Haven't heard back from Lemco Ltd, must call again.

Emailed Mackay, am actually not expecting to hear back from them, I think I'll have to write them off... which is a pity: I have a lot of respect for Mackay's them being a well-established family firm.

On the brighter side, just outside the house we're working on in Cambridge, I saw this beat-up old kit-looking car, sounding like a 5 litre monster on steroids. Talked to its owner (it actually started out - the car, not the owner - as a 20 year old Ford Escort, morphed into a Jeep, then the wooden body died on that (!) and got replaced by kit car parts) as, I figured that if he can do cars he could probably do a lot more.

And yes, he works at Cambridge Regional College. Yes, he could probably wangle access to the Engineering Dept by pretending it was his project, or maybe I could either get him interested in it, or better yet, as a couple of people have suggested, get the CRC interested.

He said he'd think about that one:)

Feb 9 2002

I want to build! I want to do! V. frustrating.

Seriously considered a 5-leg (no middle one) SpiderBall to save weight and money.

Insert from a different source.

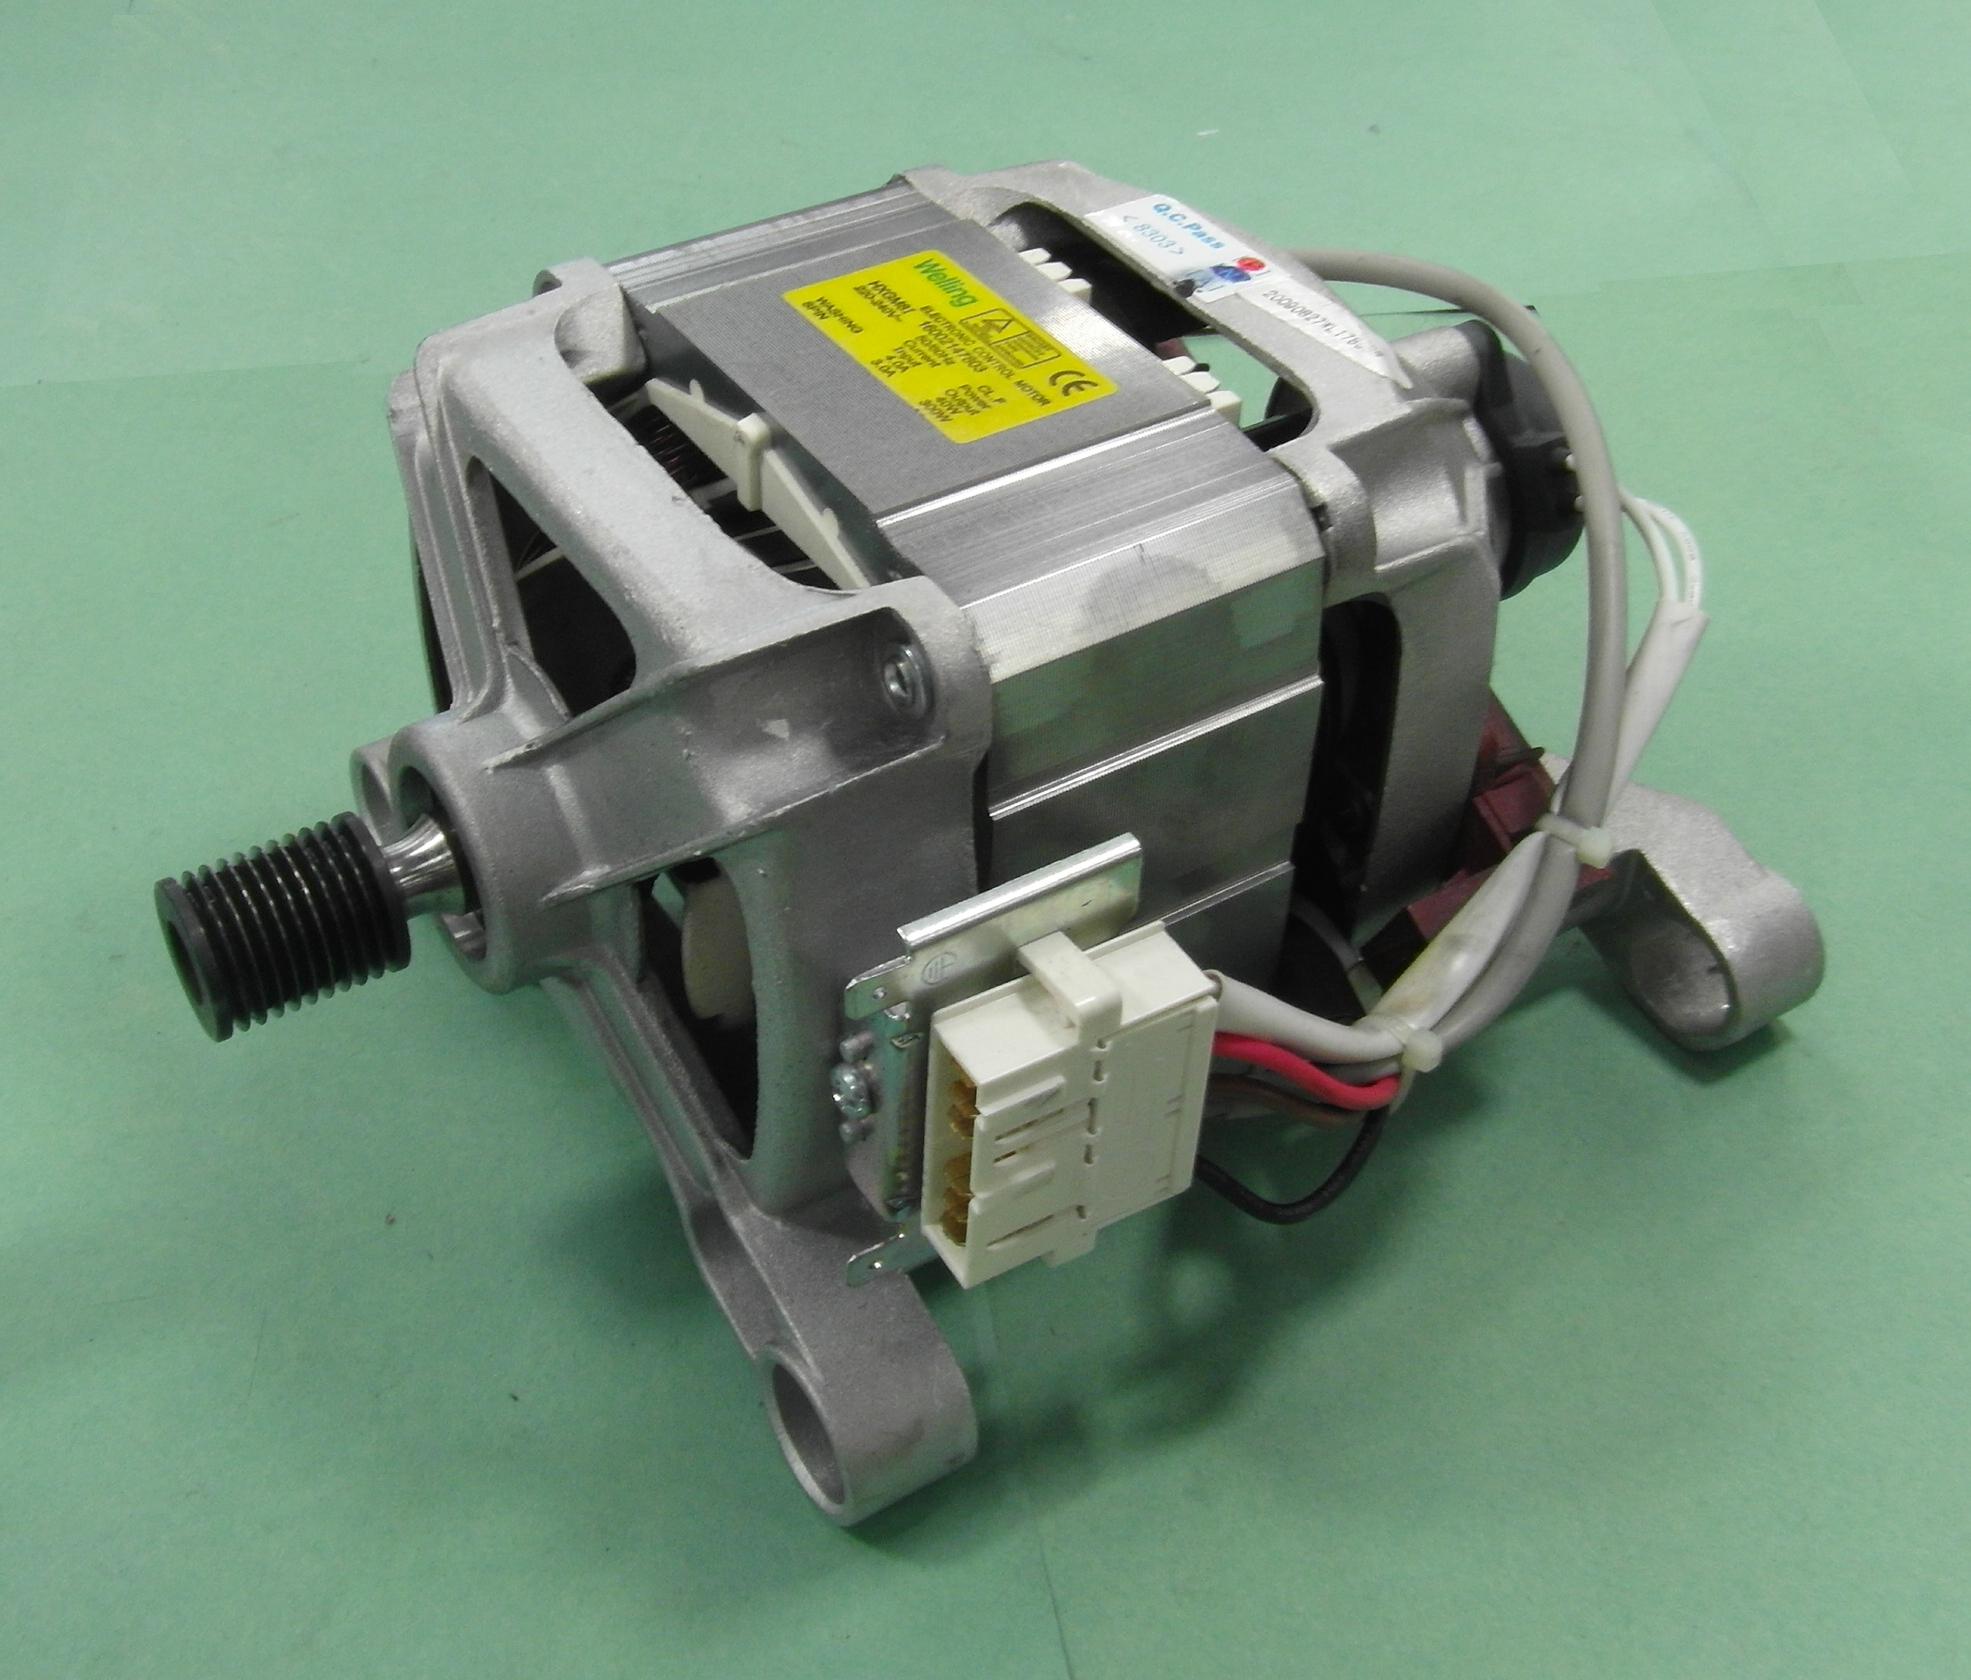 Hotpoint Wdl520g Uk C Washer Dryer Motor Welling Hxgm8i

Then I spoiled it by looking up LEM-170 motors and using 10% larger leg diameters..

Feb 10 2002

4QD's page advises that the Schiller Group have a design for a very powerful motor. I emailed them and got a message back, cool! Helmutt designs motors and licenses the designs - no manufacturing. ... So I would have to find out how to manufacture a motor!

Feb 17 2002

Helmut Schiller sent me some diagrams. Went to visit an Engineering (CNC Tools) company yesterday, v. exciting. Could produce enough motors from this design to fund the project!